Most of the debate over the past few years on the reform of pensions has focused on the funded part of the system: private sector defined benefit pensions, defined contribution pensions, and the Local Government Pension Scheme. All of these pensions are funded in the sense that the pension contributions paid by employers and employees are invested in a range of assets to generate returns (how and where they are invested has been one of the key topics of debate) and these assets are used to pay the future pensions of members.


But it has largely ignored the elephant in the room: the giant unfunded public sector pension schemes for around nine million current and former NHS workers, teachers, civil servants, and other public sector workers. These schemes are unfunded in the sense that the (generous) pension contributions paid by employers and employees each year are not invested but instead used to pay the pensions of retired members of the schemes (known as a ‘pay-as-you-go’ model).


Part of the solution?


These schemes are huge - the future pension liabilities sit off the government’s balance sheet but are bigger than the national debt - poorly understood, and complex. They have been criticised for being too generous compared to private sector pensions, too expensive, and unsustainable in their current form. But there has been a strong sense running through the policy debate on pensions that they could be part of the solution.


That is why we commissioned Toby Nangle, former senior asset manager and financial expert, to explore the case for transitioning these schemes to a funded model. The paper makes a strong political, fiscal, and macroeconomic case for reform, and explores how Canada successfully shifted its pensions system to a funded model over the past 40 years. He argues that:


  • Shifting to a funded model would enable these schemes to become global investment powerhouses - the NHS scheme alone would be the third largest pension scheme in the world.


  • They would become more politically sustainable, driving better long-term outcomes for public servants and setting an example for the rest of the UK pension system to follow.


  • The cost of funding these schemes would be lower for the government, providing a better deal for taxpayers.


  • Transitioning these schemes would lead to higher levels of investment and deeper capital markets in the UK, and a more stable international investment position.


While the potential benefits are clear, such a move would face significant opposition and would require bold political leadership. The best time to have started this transition would have been decades ago. The second best time is now.


Here is a short summary of this report:


1) The elephant in the room: the UK is a a world leader in private pensions with the second largest pool of pensions assets after the US. Private defined benefit schemes are well-funded, and auto-enrolment defined contribution pensions have increased the proportion of UK citizens with a private pension. But the largest pensions schemes in the UK are unfunded public sector schemes. They are poorly understood sleeping giants and have been largely absent from the debate.

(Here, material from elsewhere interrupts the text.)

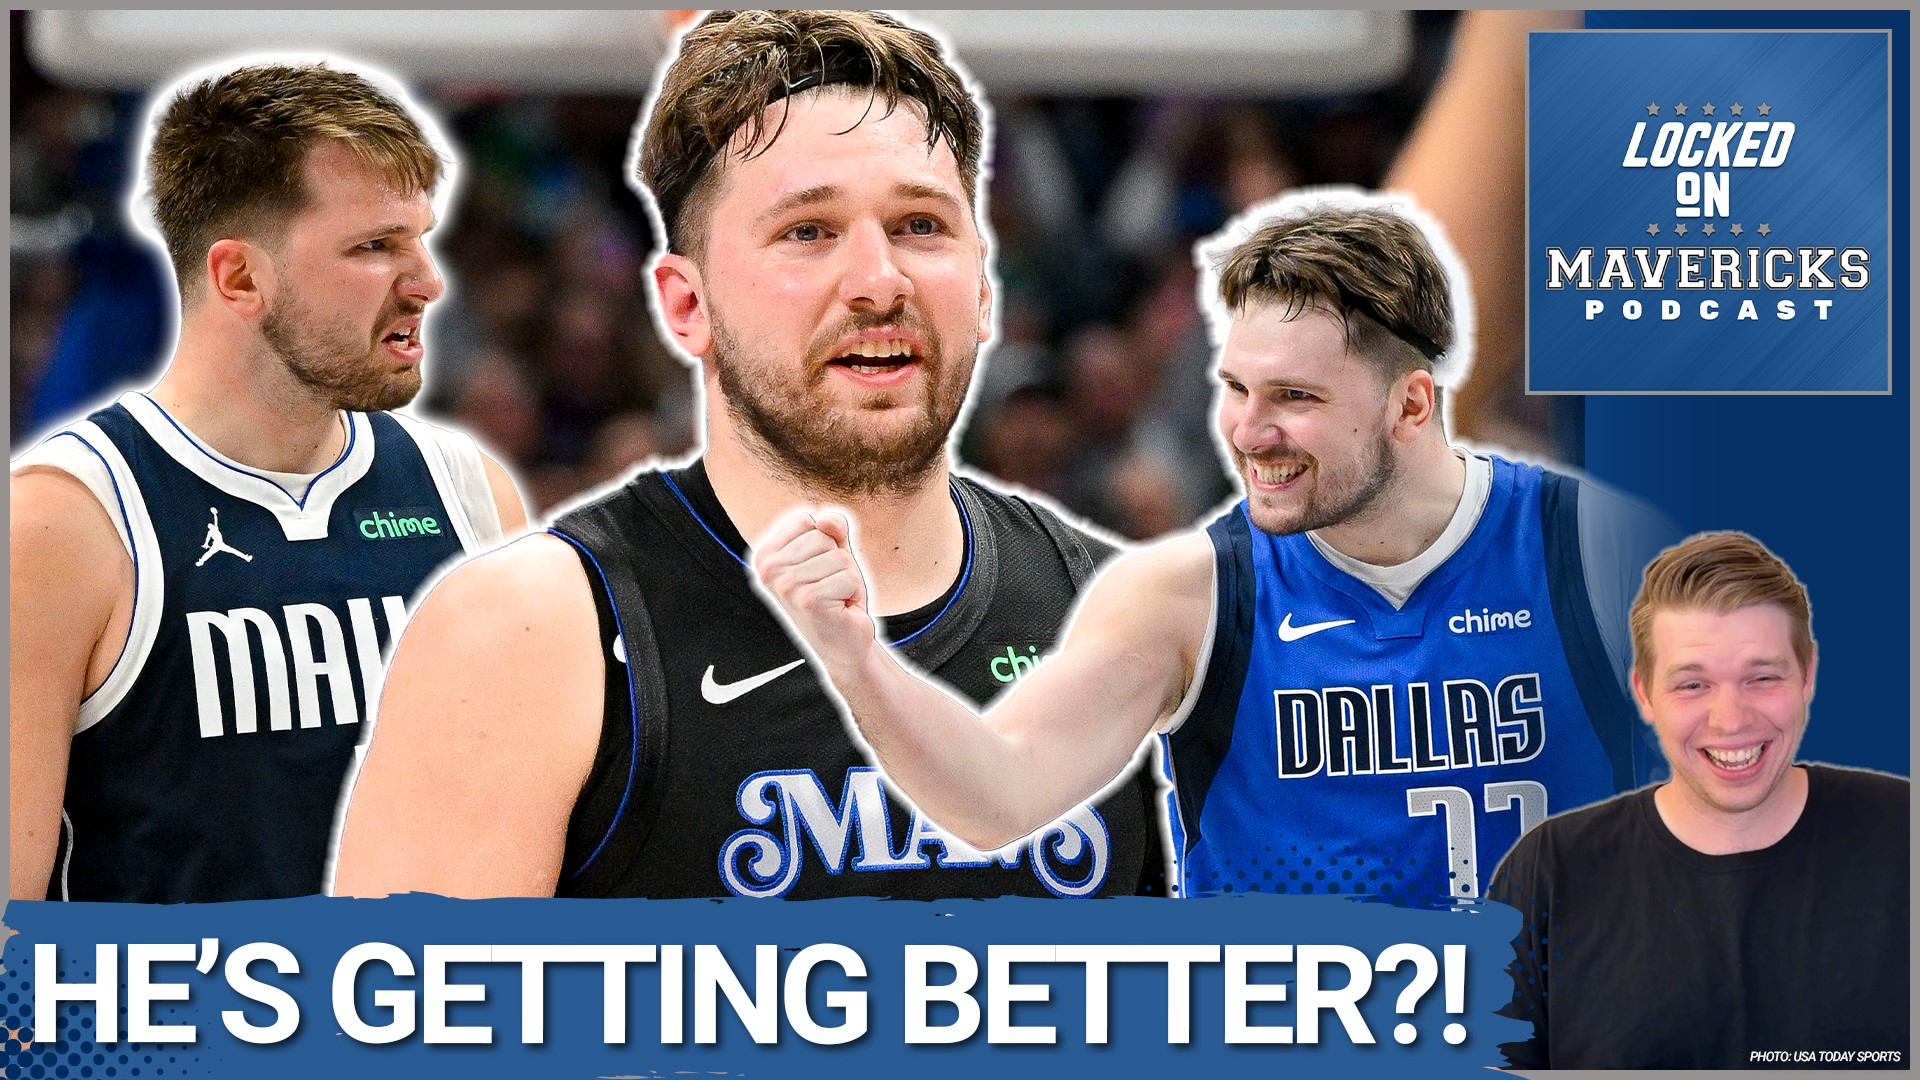 Nick Angstadt explains how Luka Doncic is still getting better and how the Dallas Mavericks have been different since their trades.

2) A question of scale: these unfunded schemes for public sector workers in the NHS, teachers, civil servants, and other sectors are roughly the same size as all private sector defined benefit pensions combined, with notional assets of around £1.3 trillion. The five largest schemes are comfortably in the 20 largest pension schemes globally.

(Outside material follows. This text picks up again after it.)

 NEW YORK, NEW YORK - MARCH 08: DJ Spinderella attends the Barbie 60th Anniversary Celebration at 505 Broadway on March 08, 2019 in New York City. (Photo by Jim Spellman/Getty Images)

3) A different model: unlike private sector pensions, these schemes operate on a pay-as-you-go-basis, with payments to retired members of the schemes paid each year out of employer and employee contributions with a top up from central government, instead of through investments.


4) The current system is not broken: despite alarmist calls to the contrary, reforms delivered since 2013 have left the system fiscally sustainable. But moving schemes towards becoming fully funded would deliver a step-change in their political sustainability and address key macroeconomic vulnerabilities in the UK economy, and they could save taxpayers hundreds of billions of pounds.


5) The political case for change: from the perspective of the recipient, an inflation-linked defined benefit government guaranteed pension cannot be improved upon. But in the growing absence of private sector defined benefit pensions, public ones are increasingly portrayed as unfair and unaffordable. Public service pensions have become a political football, and funding them would both put them on a level playing field with remaining defined benefit schemes and link them to substantial fiscal and macroeconomic benefits. This would improve their political sustainability, increasing the security of millions of scheme members.


6) The fiscal case for change: public service pensions are an integral, large, but unscrutinised form of public sector financing. Financing them on today’s market terms (through the gilt market instead of the current system) would save HM Treasury over the next two decades around £70 billion; channelling new employer and employee contributions into investments could save taxpayers over £600 billion.


7) The macroeconomic case for change: funded pensions would increase the stock of savings, deepening pools of capital that can be drawn on to enhance the capital stock and help finance the transition to net zero. Higher national savings rates would help address the UK’s chronic serial current account deficits and deteriorating net international investment position, so improving macroeconomic resilience.


8) A model to follow: Canadian provincial public service pensions began to transition from unfunded schemes at the end of the 1980s. They offer lessons as to how to integrate independent governance, professional in-house investment management, substantial scale, and comprehensive geographic and asset-class diversification. Other markets such as Sweden also provide a potential example to follow.


9) The likely pushback: on-balance sheet government debt is already high; choosing to bring off-balance sheet liabilities on-balance sheet, even if this results in fiscal savings, increases balance sheet risk for the government, and potentially reduces consumption. Shifting to a funded model would increase the ‘financialisation’ of public sector pensions (generating huge fees for greedy bankers and asset managers) and the ‘politicisation’ of pensions, with bad investment decisions made for political ends. We address all these critiques and argue that on balance the potential benefits offset the risks.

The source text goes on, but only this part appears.